What llms.txt is and whether you need it too

llms.txt is a different file. It is a proposed standard from 2024 that gives AI agents a structured map of your site. Think of it as a sitemap with descriptions, written for LLMs rather than search engines.

The honest answer is that adoption is mixed. Anthropic uses parts of llms.txt. Most other engines do not. Google AI Overviews ignores it entirely. I wrote a separate article on whether llms.txt is worth your time.

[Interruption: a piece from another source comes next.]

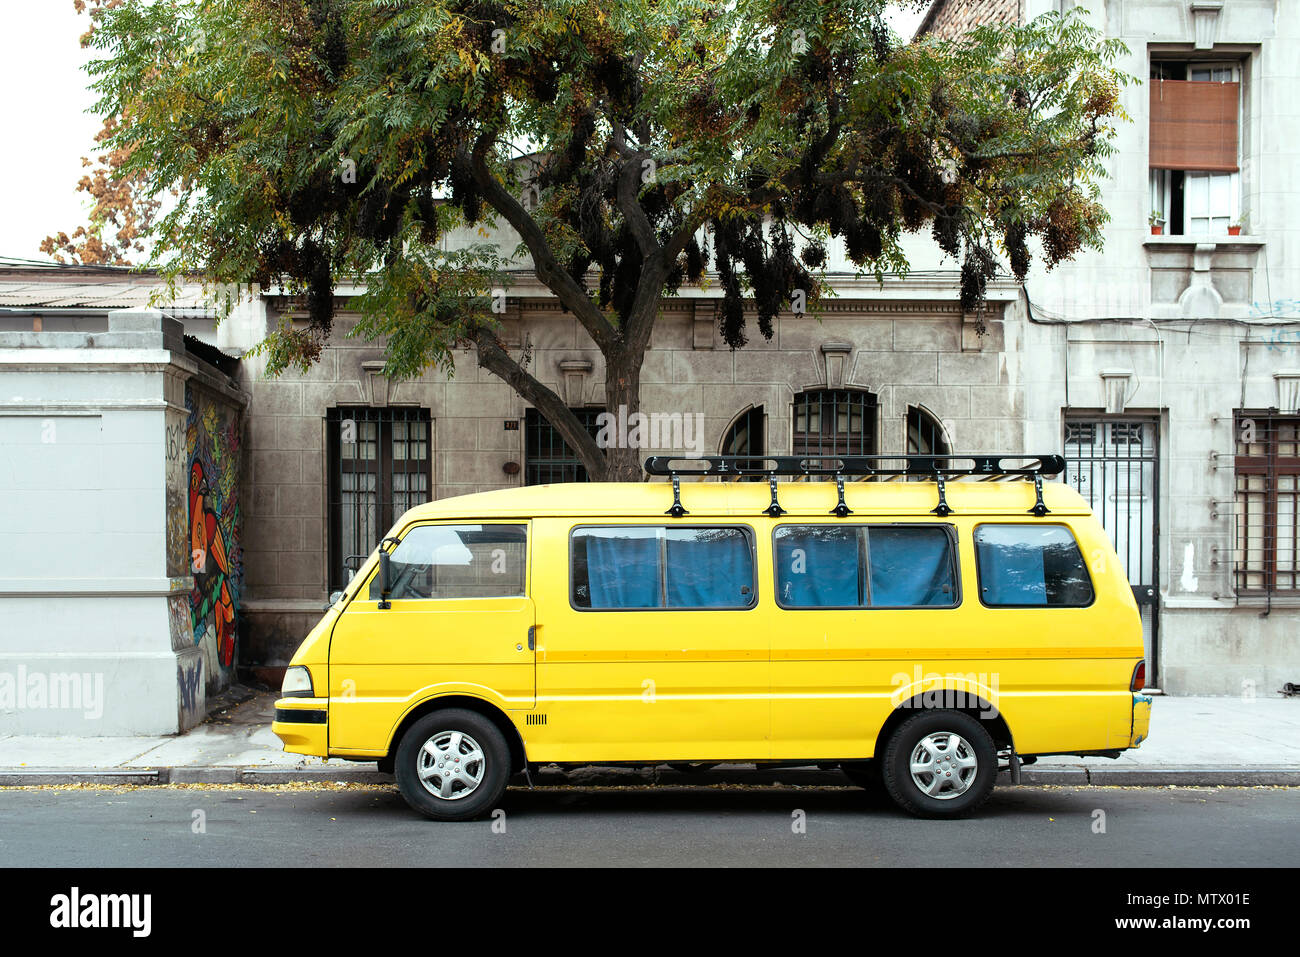 Vintage jaune caravan parking dans les rues de Santiago, Chili. Scène urbaine colorée. Mai 2018 Banque D'Images

Short version. If you have docs, yes. If you have a five-page marketing site, it is the seventh thing on your priority list. Robots.txt is the first.

Summary

robots.txt in 2026 is not the same file it was in 2018. AI bots are 25 percent of all web traffic, and they fall into four distinct categories with different effects on your business. The right robots.txt explicitly allows AI search retrieval bots, allows user-initiated browsing, and decides on training scrapers based on your business model. The template above is a starting point. The free audit at AIFreeAudit tells you exactly which bots you are blocking by mistake.

If your robots.txt has not been updated in the last 12 months, this is the single highest-impact 10-minute fix you can make today.